Involving individuals in the manufacturing strategy formation: Strategic consensus among workers and managers
Decisions made and actions taken by individuals in the operations function impact the formation of a company’s manufacturing strategy (MS). Therefore, it is important that the MS is understood and agreed on by all employees, that is, strategic consensus among the individuals in the operations function is essential. This research contributes to the current body of knowledge by including a workers’ perspective on MS formation. It is the workers on the shop floor who bring the MS to life in the actual operations through their daily decisions and actions. The MS falls short if the priorities outlined do not materialise in practice as intended. The purpose of this research is to investigate how the individuals in the operations function perceive the MS in order to understand how these individuals are involved in the MS formation.
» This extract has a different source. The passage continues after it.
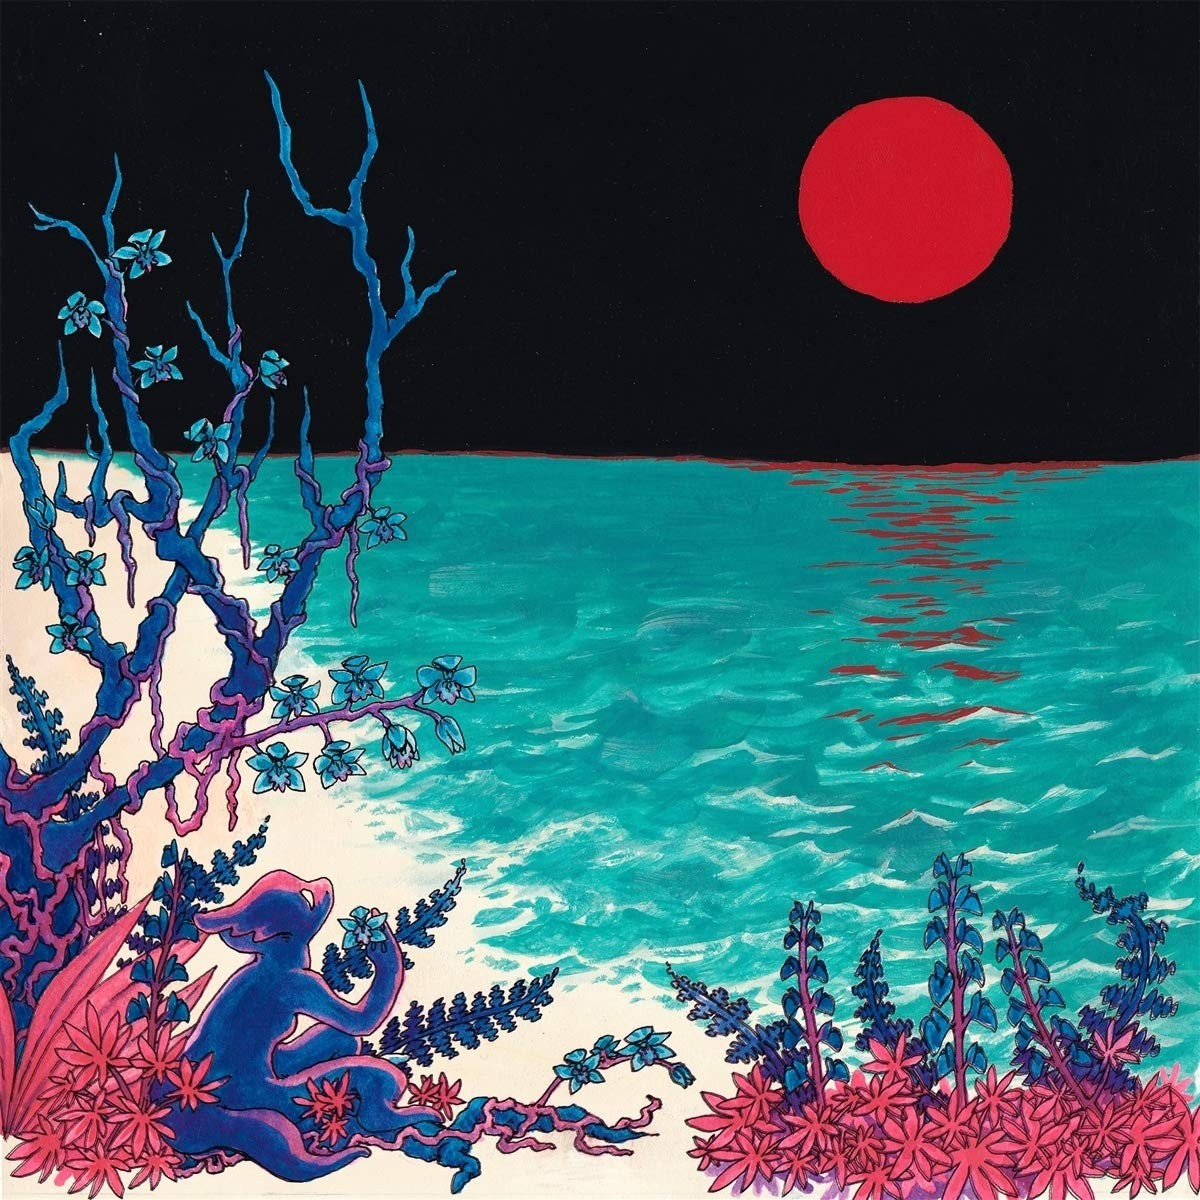 Glass Beach - the first glass beach album (Colored) 2XLP

The research is based on five studies, differing by evidence, as follows: one theoretical, three qualitative in the setting of small and medium-sized enterprises (SMEs), and one quantitative at a large company.
Based on the findings presented in the six appended papers, the results show that empirically and conceptually, workers have been overlooked or given a passive role in the MS formation. Empirically, it is seen that workers and managers do not have a shared understanding of the underlying reasons for strategic priorities; hence, the level of strategic consensus is low. Furthermore, the level of strategic consensus varies among the different MS dimensions depending on their organisational level. Moreover, the empirical findings reveal that internal contextual factors influence the individuals’ perceptions of the MS and the possibilities for strategic consensus. Regarding the external context, the results show that major customers’ strategies influence the subcontractor SMEs’ MS formation. The usage of means of communication in the operations function has also shown to be of importance for how the MS is perceived. Conceptually, the findings indicate that the MS literature tends to treat individuals in the operations function in a deterministic manner; individuals on the shop floor are regarded as manufacturing resources. To ensure a successful MS formation process, where the patterns of the decisions made by the individuals in the operations function forms the MS, the view on human nature within the MS requires a more voluntaristic approach. This research suggests to view the MS formation as an iterative “patterning process” which builds on a reciprocal relationship between workers and managers. The introduction of the patterning process contributes to the research on MS formation by explaining the perception range within the hierarchical levels, by re-defining the hierarchical levels included in the MS formation and by detailing the activities in the MS formation.